22.10.1907

Am 22. Oktober besucht Hitler mit seinen Schwestern ihren jüdischen Hausarzt. Dr. Eduard Bloch macht ihnen wenig Hoffnung. Vielleicht kann ein Medikament den Tod ein wenig hinaus­schieben: Jodoform. Es ist allerdings teuer. Die Kinder kaufen es. Der Arzt verzichtet vorerst auf ein Honorar. Er hat in Linz den Ruf eines Arme-Leute-Doktors. Ab November tröpfelt er das stechende Desinfektionsmittel täglich in die offene Wunde. Die Kranke schreit vor Schmerzen. Bleich und versteinert verfolgt Adolf ihr schweres Leiden.
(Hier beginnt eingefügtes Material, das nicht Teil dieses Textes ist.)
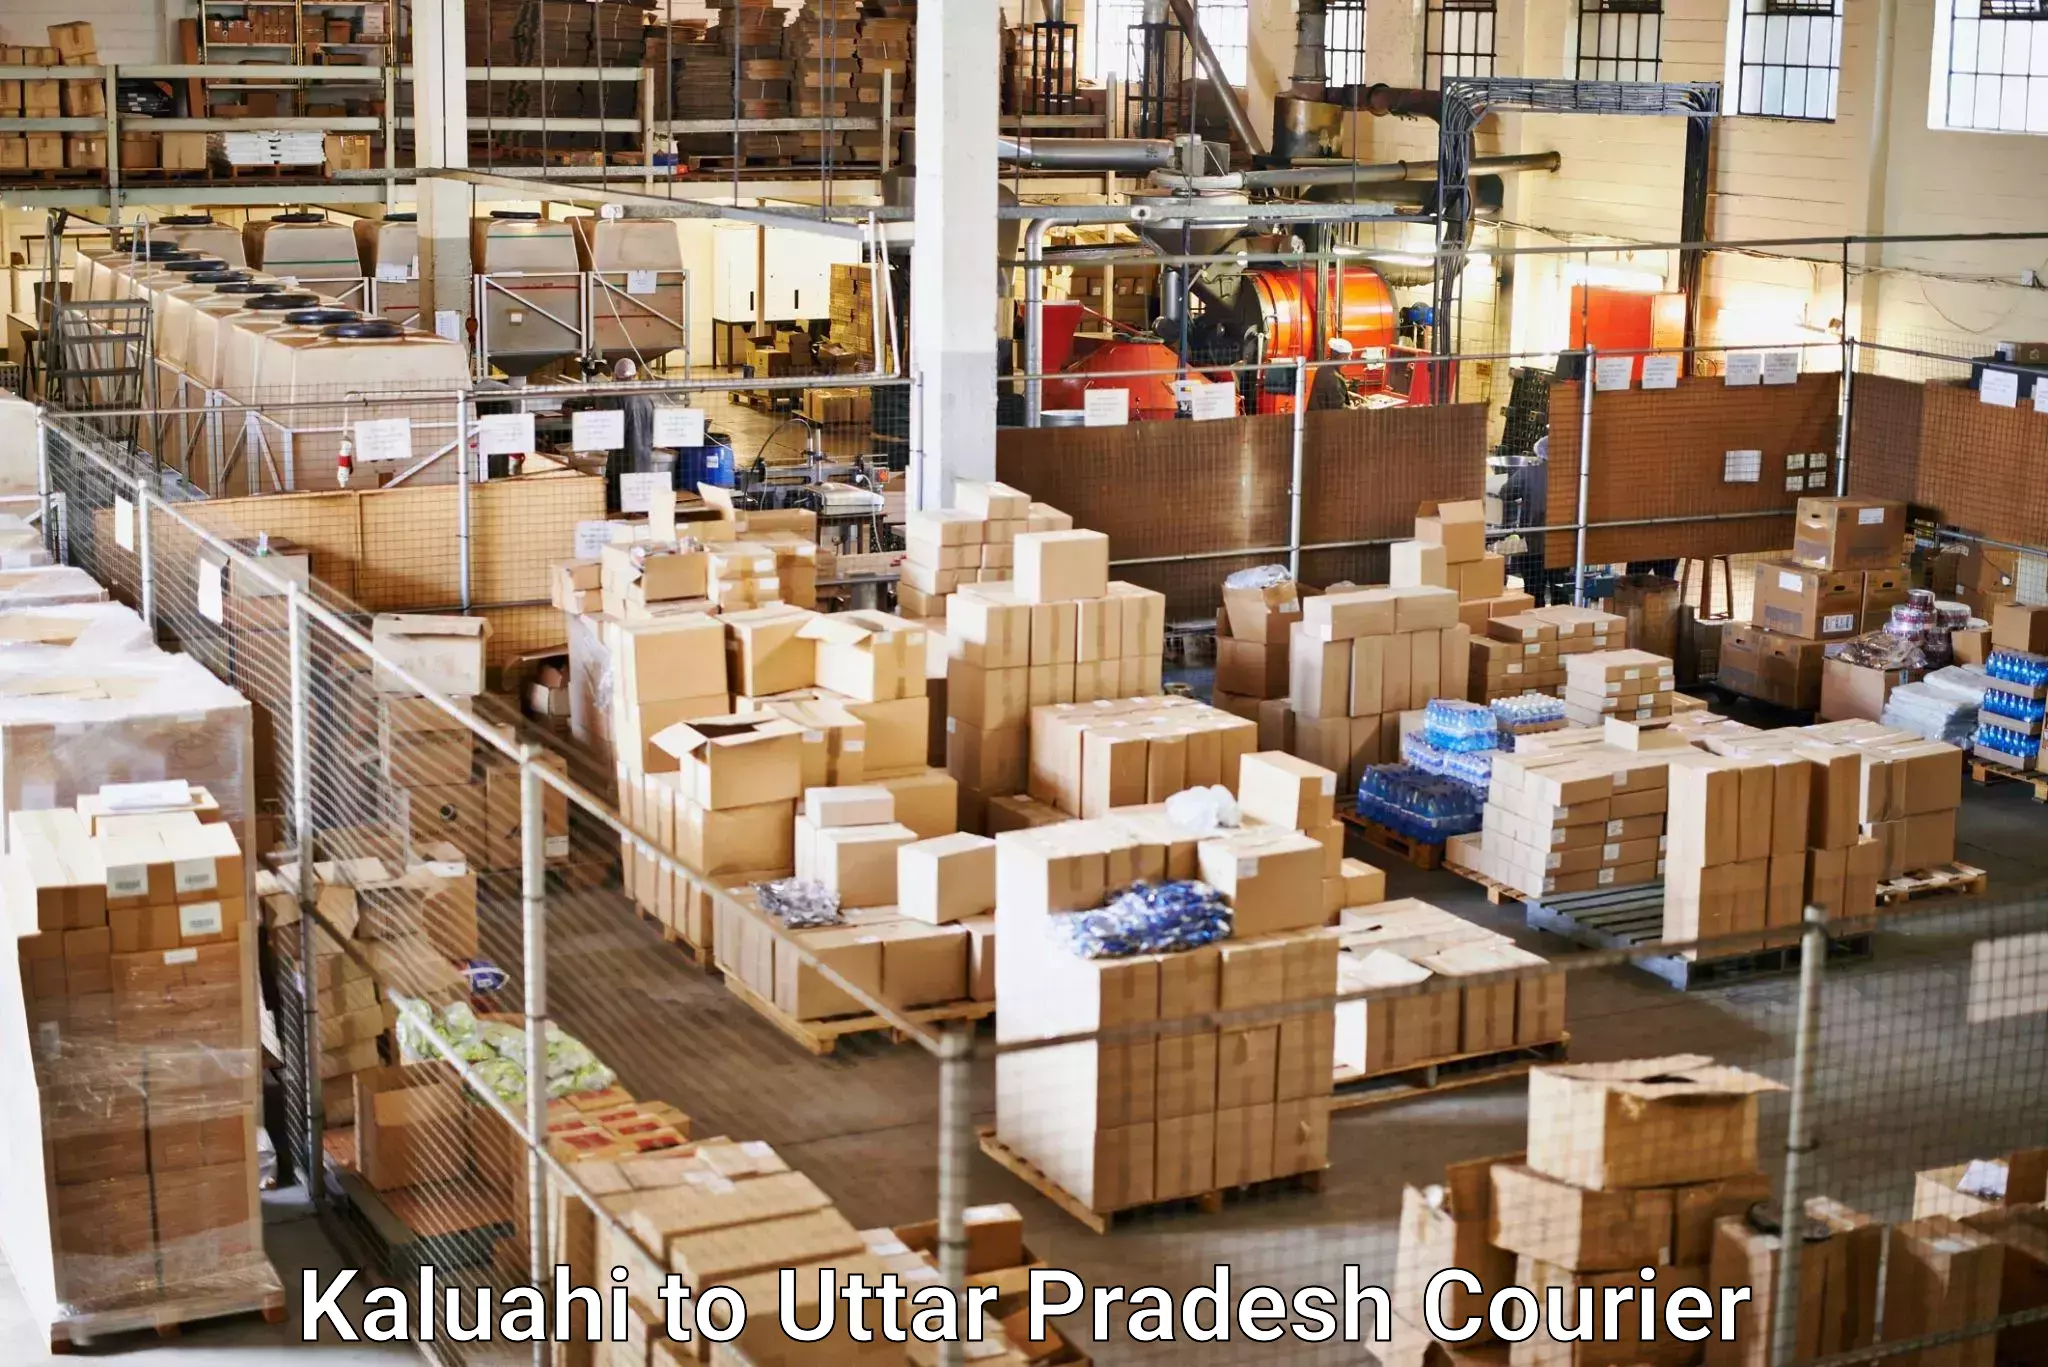 Budget-friendly shipping in Kaluahi to Uttar Pradesh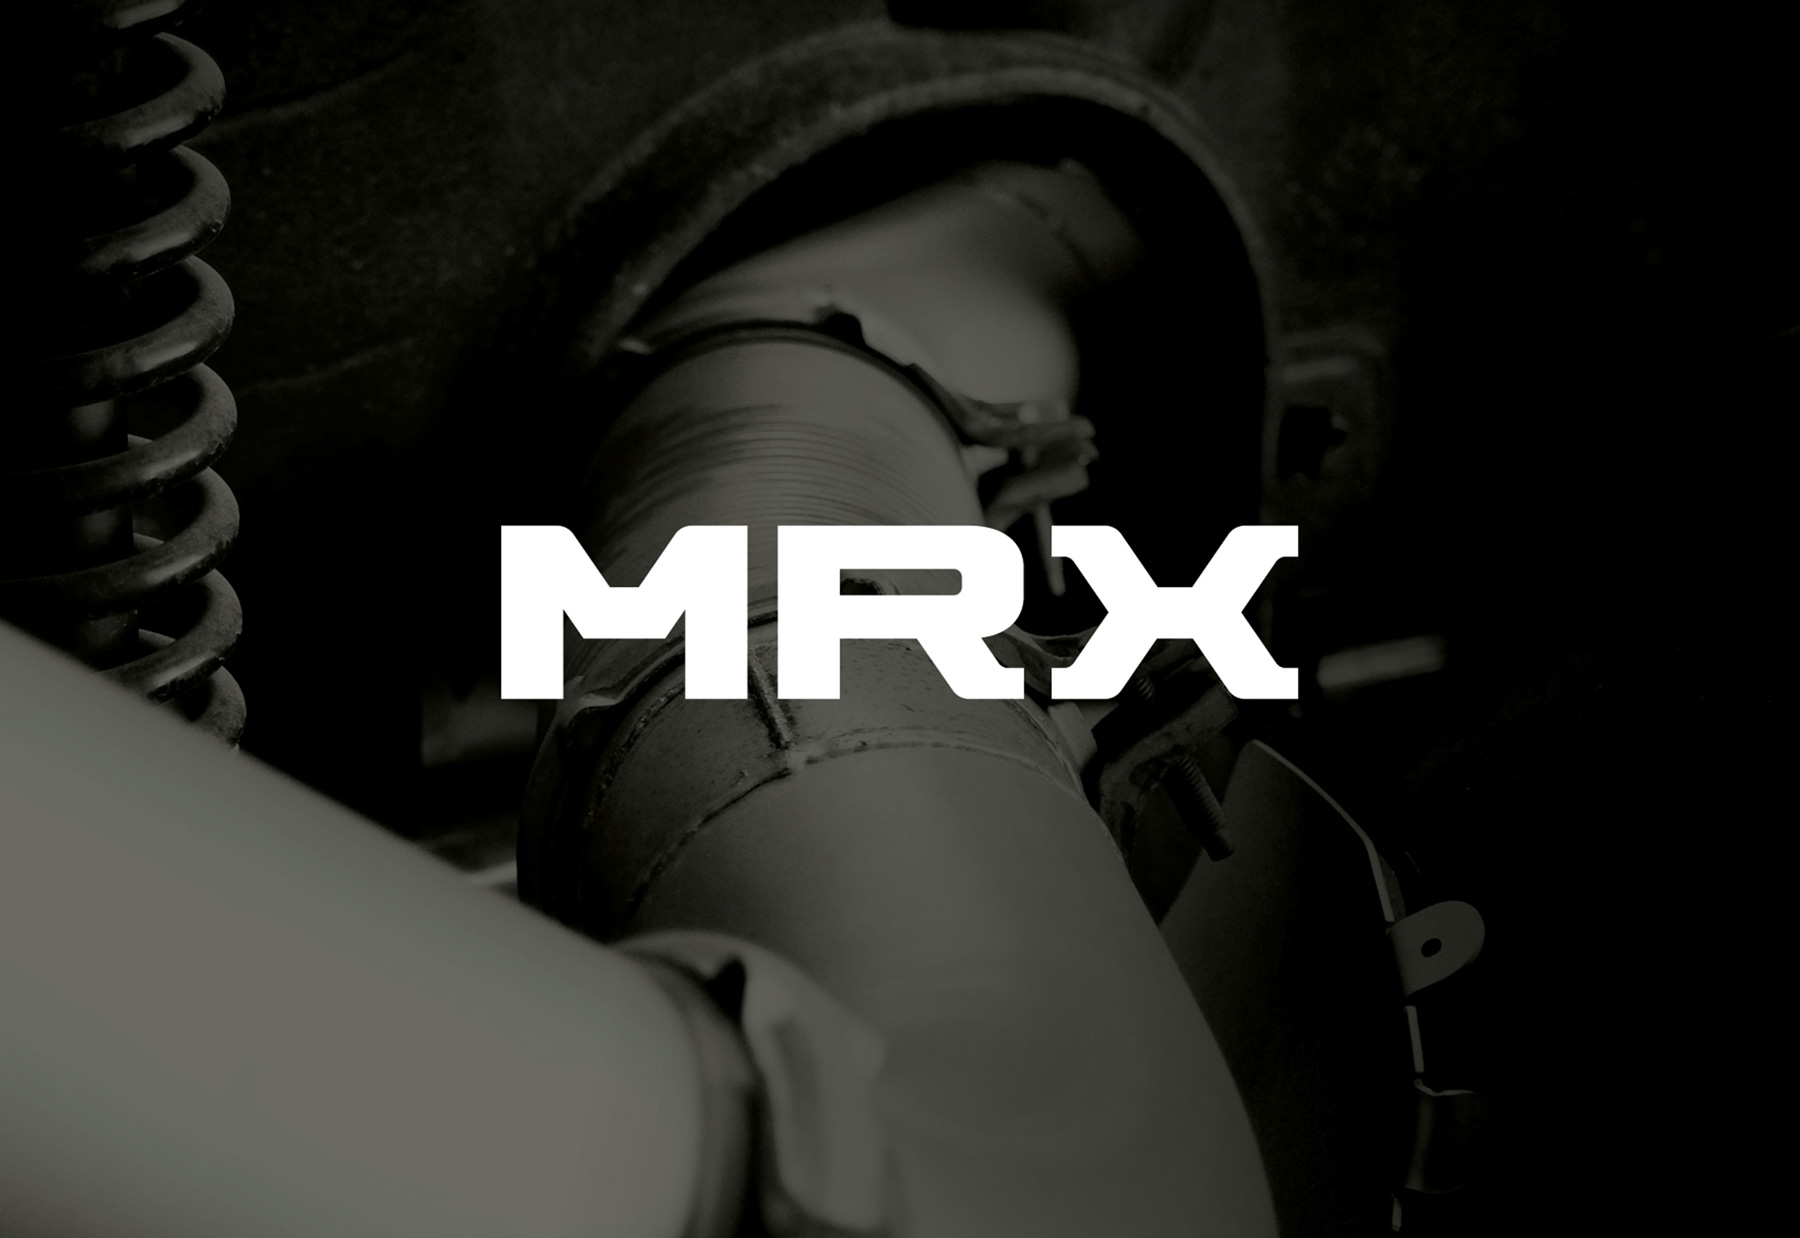 MRX brand and logo

Das Mittel verätzt das Bindegewebe. Dann greift es die Blutgefäße an. Schließlich ist der ganze Brustraum entzündet. Selbst ein paar eingeflößte Tropfen Wasser bereiten der Mutter Höllenqualen. Sie verliert immer häufiger das Bewusstsein. Kommt sie zu sich, stützt Adolf die Kranke, die nur noch aus Haut und Knochen besteht. Dr. Bloch spritzt Morphium, um die Qualen der Sterbenden zu lindern.

21.12.1907

Hitlers Mutter stirbt in den frühen Morgenstunden des 21. Dezembers. Ihre Kinder haben die Kerzen des bereits aufgestellten Christbaumes angezündet. Als Dr. Bloch eintrifft, sitzt Adolf am Totenbett und zeichnet. Ihr kleines, verknittertes Foto wird er ein Leben lang bei sich tragen. In jedem seiner späteren Schlafzimmer wird sie auf sein Bett blicken. Ein enttäuschtes, müdes Gesicht, in Öl gemalt. Ihren Geburtstag erklärt der Reichskanzler Hitler zum Ehrentag der deutschen Mutter. "Ich bin Ihnen ein Leben lang dankbar", sagt Adolf Hitler nach der Beerdigung zu Dr. Bloch. Er wird dieses Versprechen halten. Als nach dem Anschluss Österreichs Nazis in seine Praxis eindringen, bittet Bloch Hitler um Hilfe. Er reagiert sofort. Gestapobeamte schützen sein Haus, bis er ausreisen kann. Dem über Sechzigjährigen gelingt in Amerika kein Neuanfang mehr. Die Behörden erklären seine Arztpapiere für ungültig. Arm und verbittert stirbt er 1945 in der Bronx von New York.